TASK = Repeat the data exactly, leaving out any image.

MATERIAL PROVIDED =
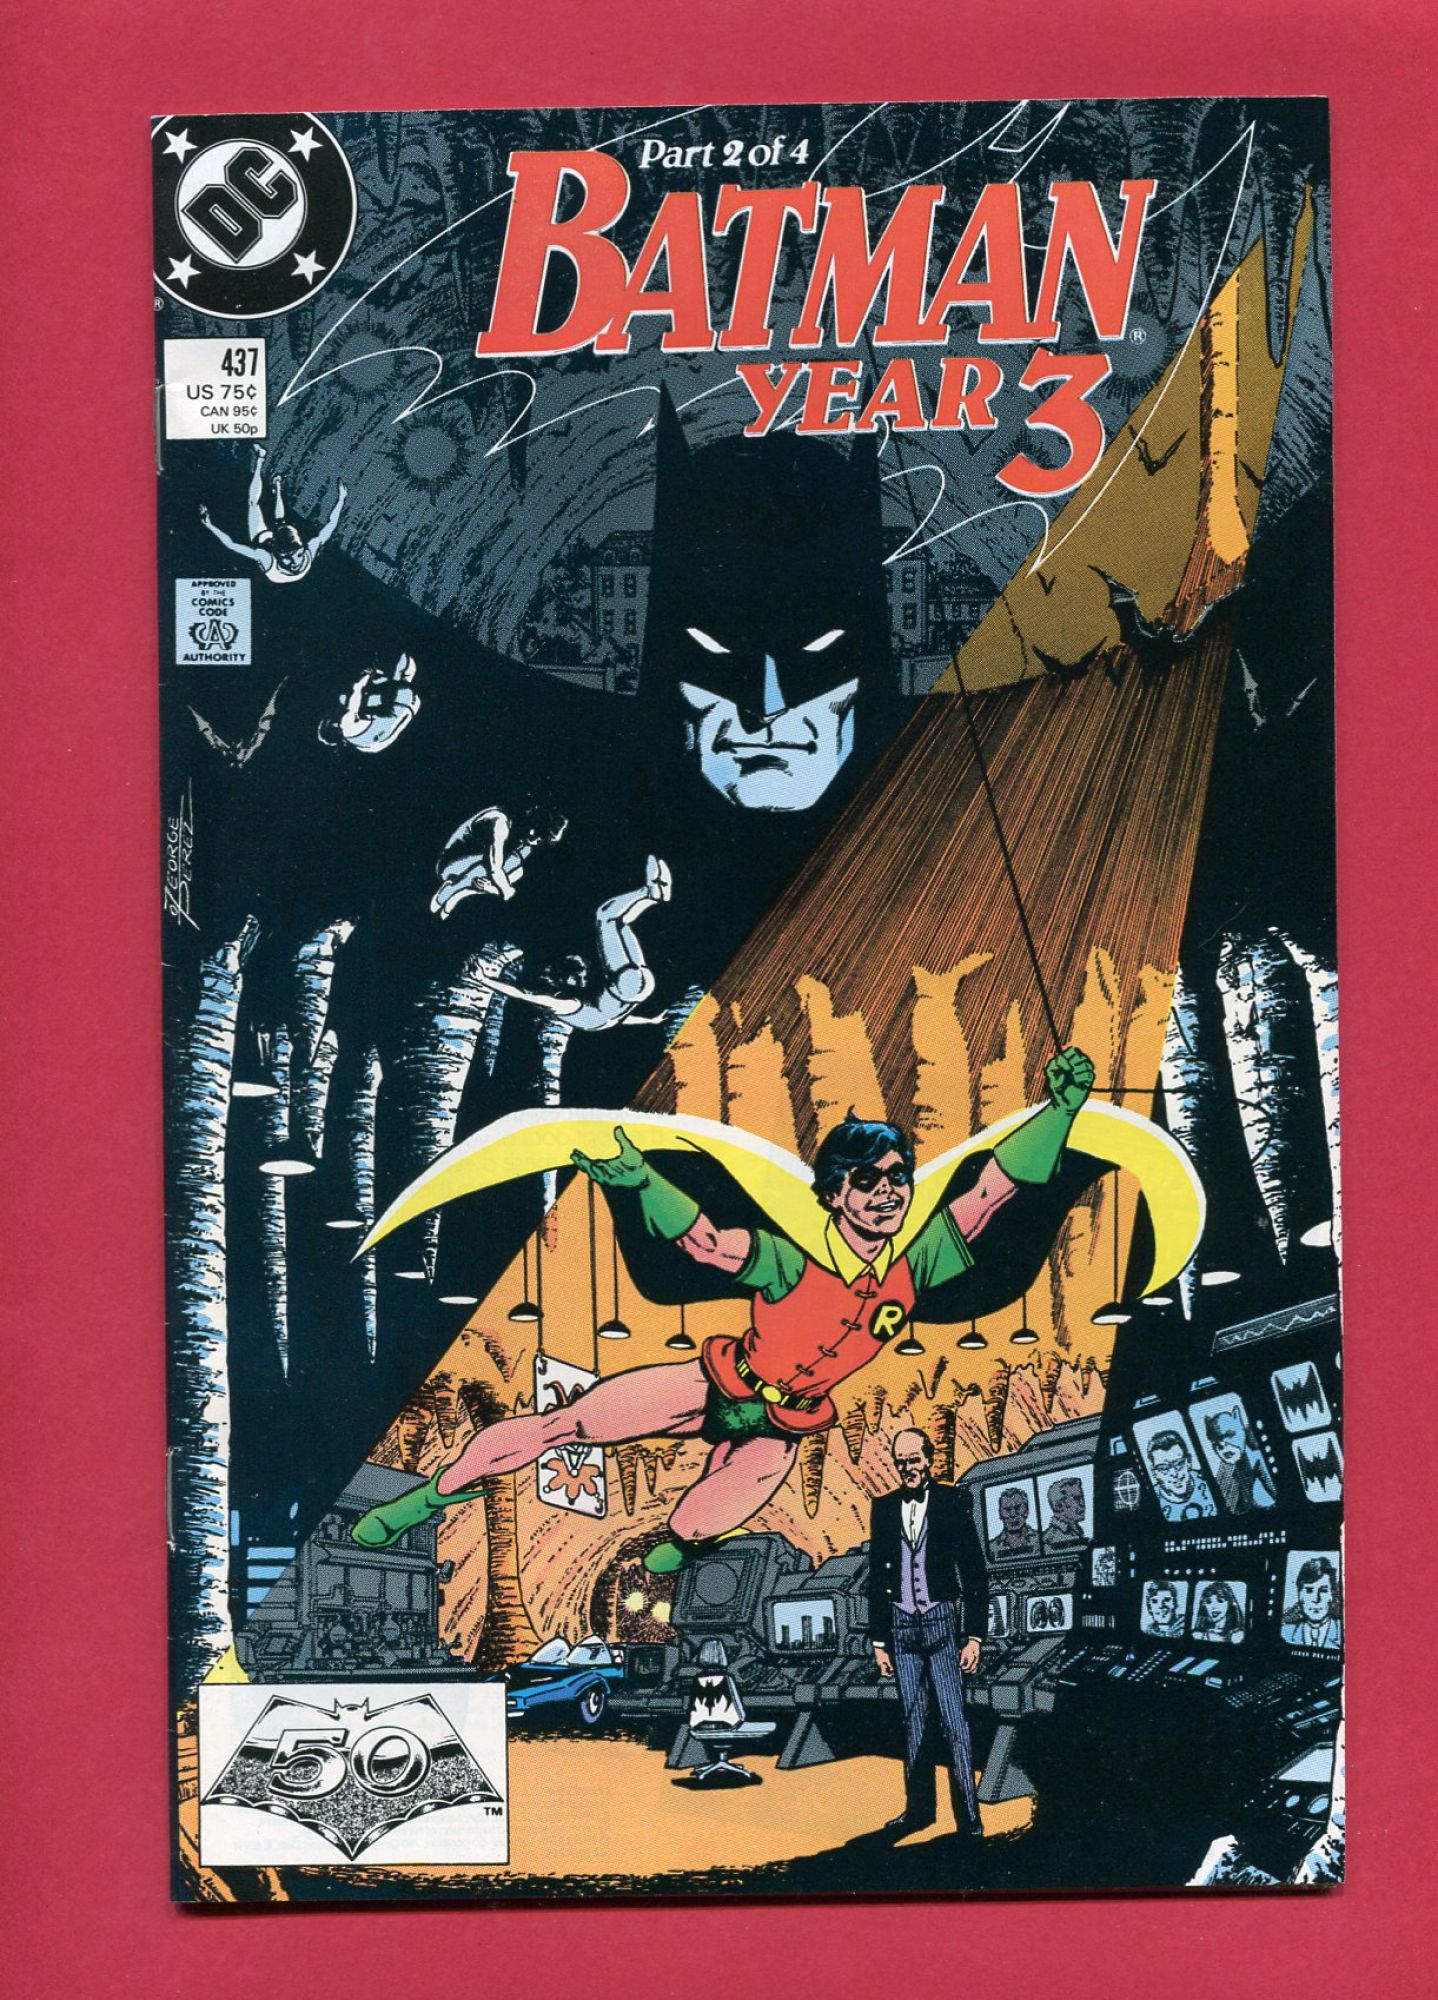 Batman #437, Aug 1989, 8.5 VF+
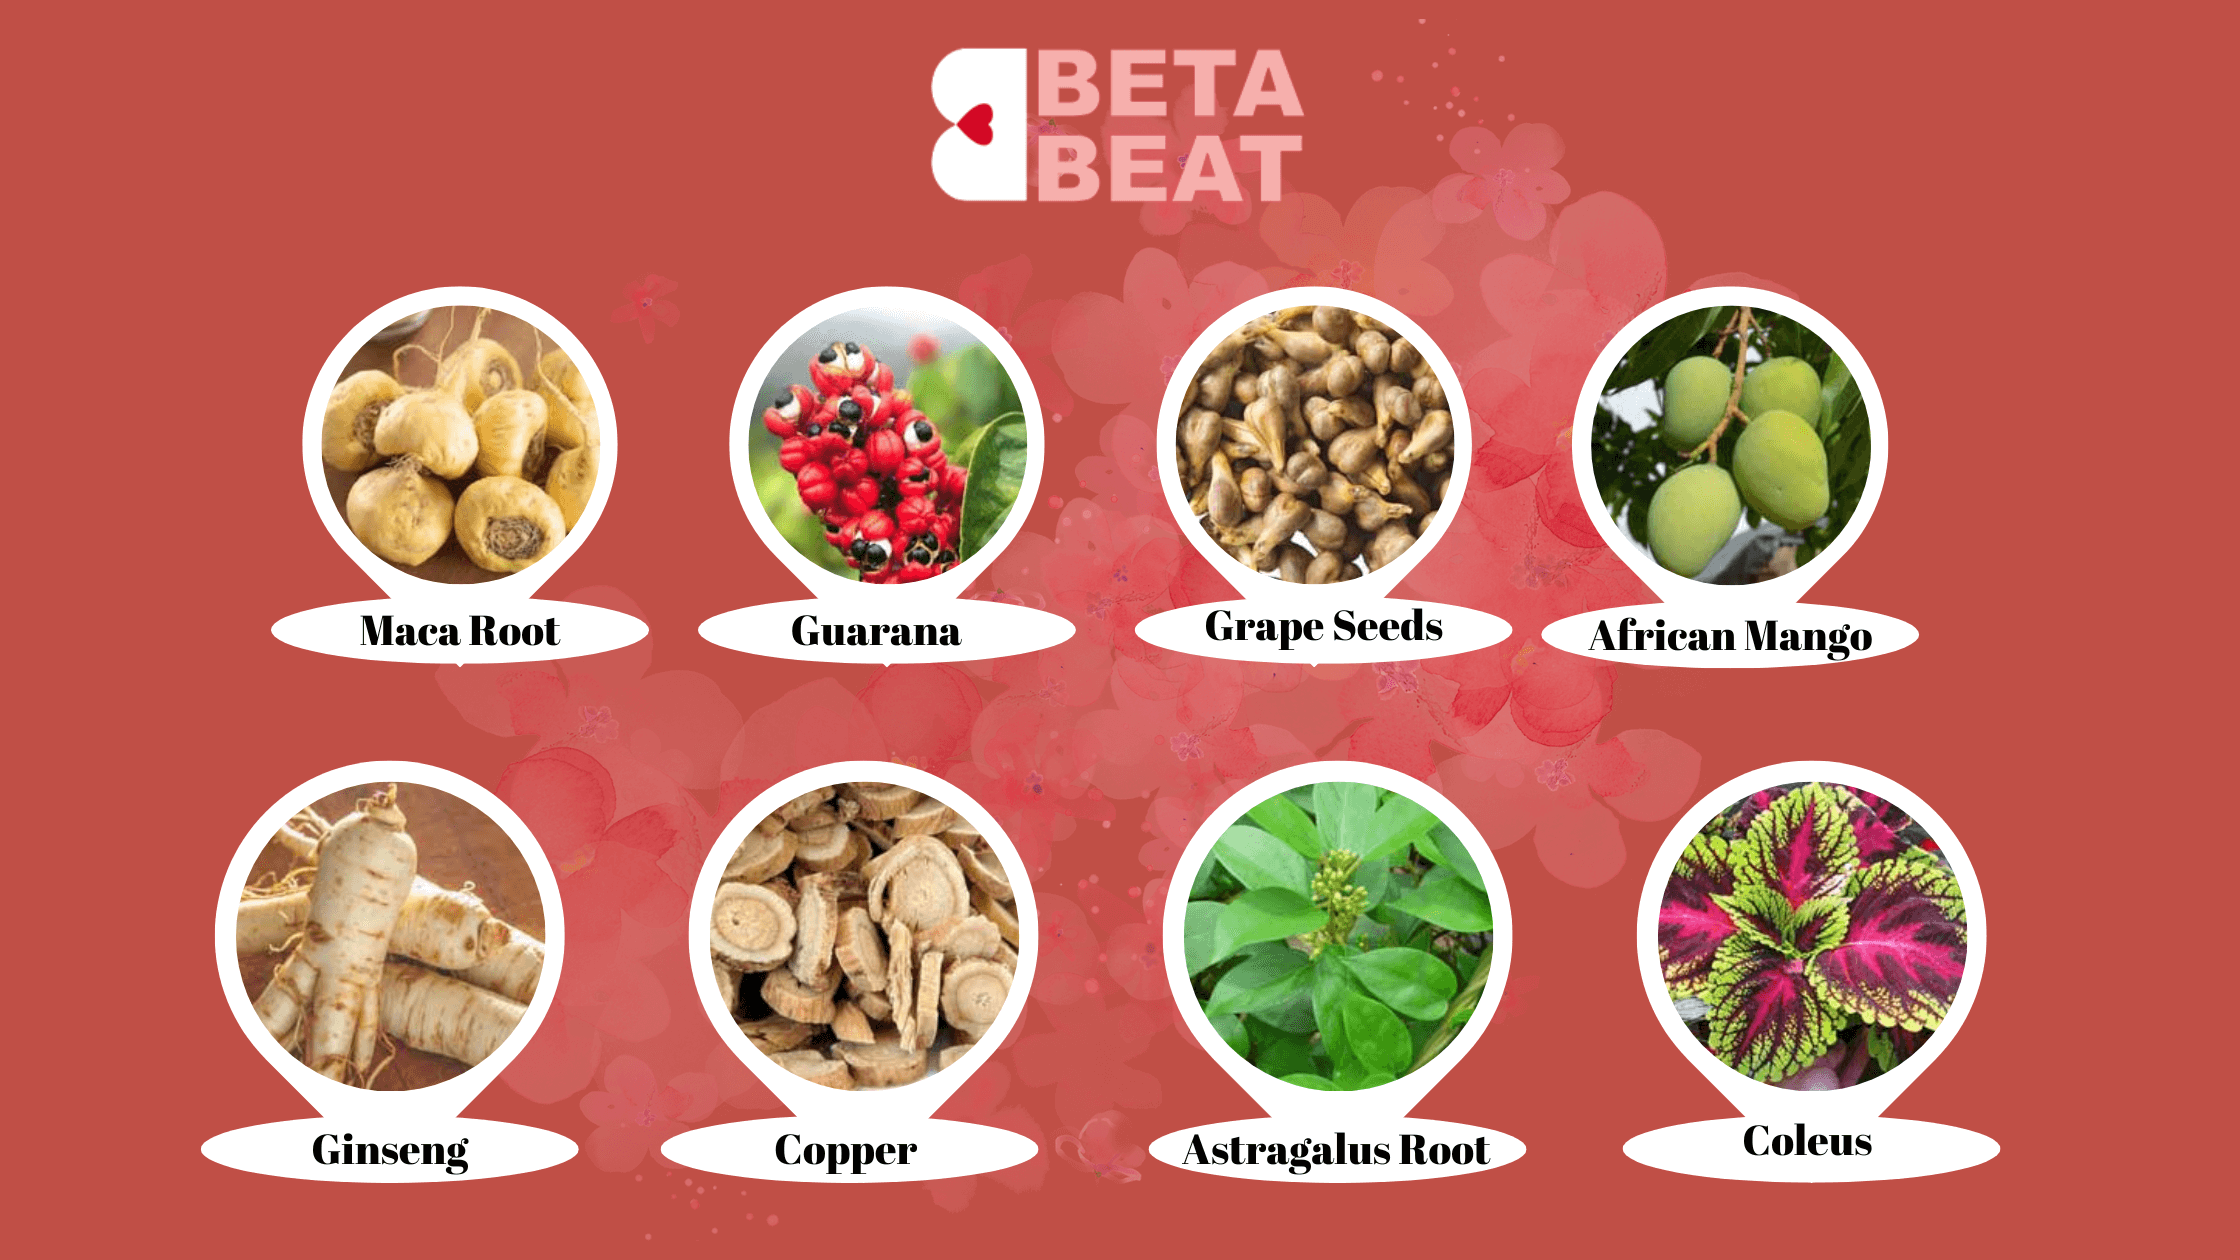 Beta Beat Ingredients
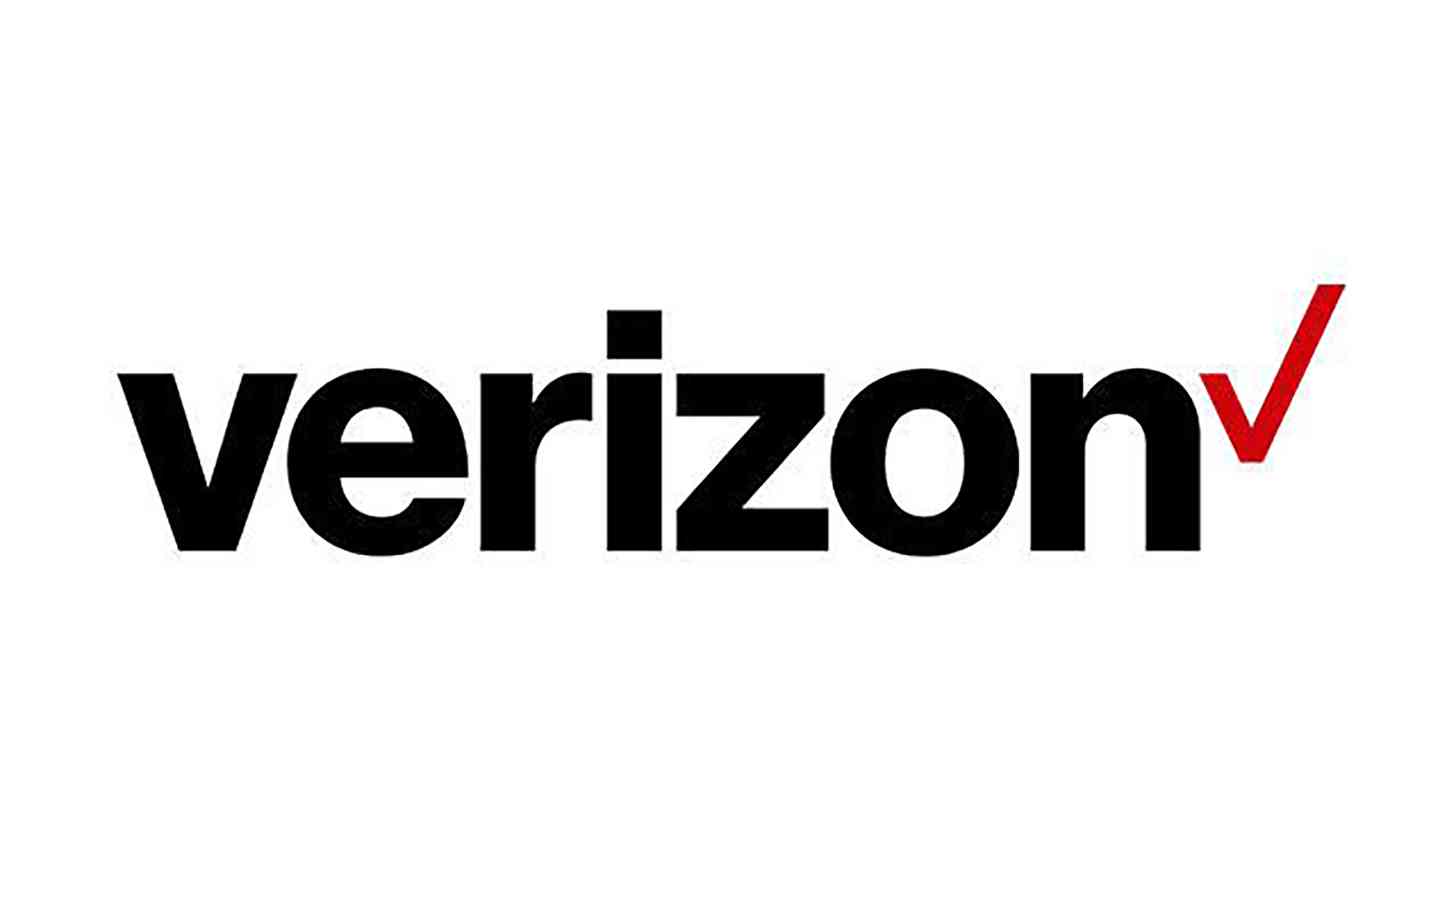 New Verizon logo official

TASK RESPONSE =
 Batman #437, Aug 1989, 8.5 VF+
 Beta Beat Ingredients
 New Verizon logo official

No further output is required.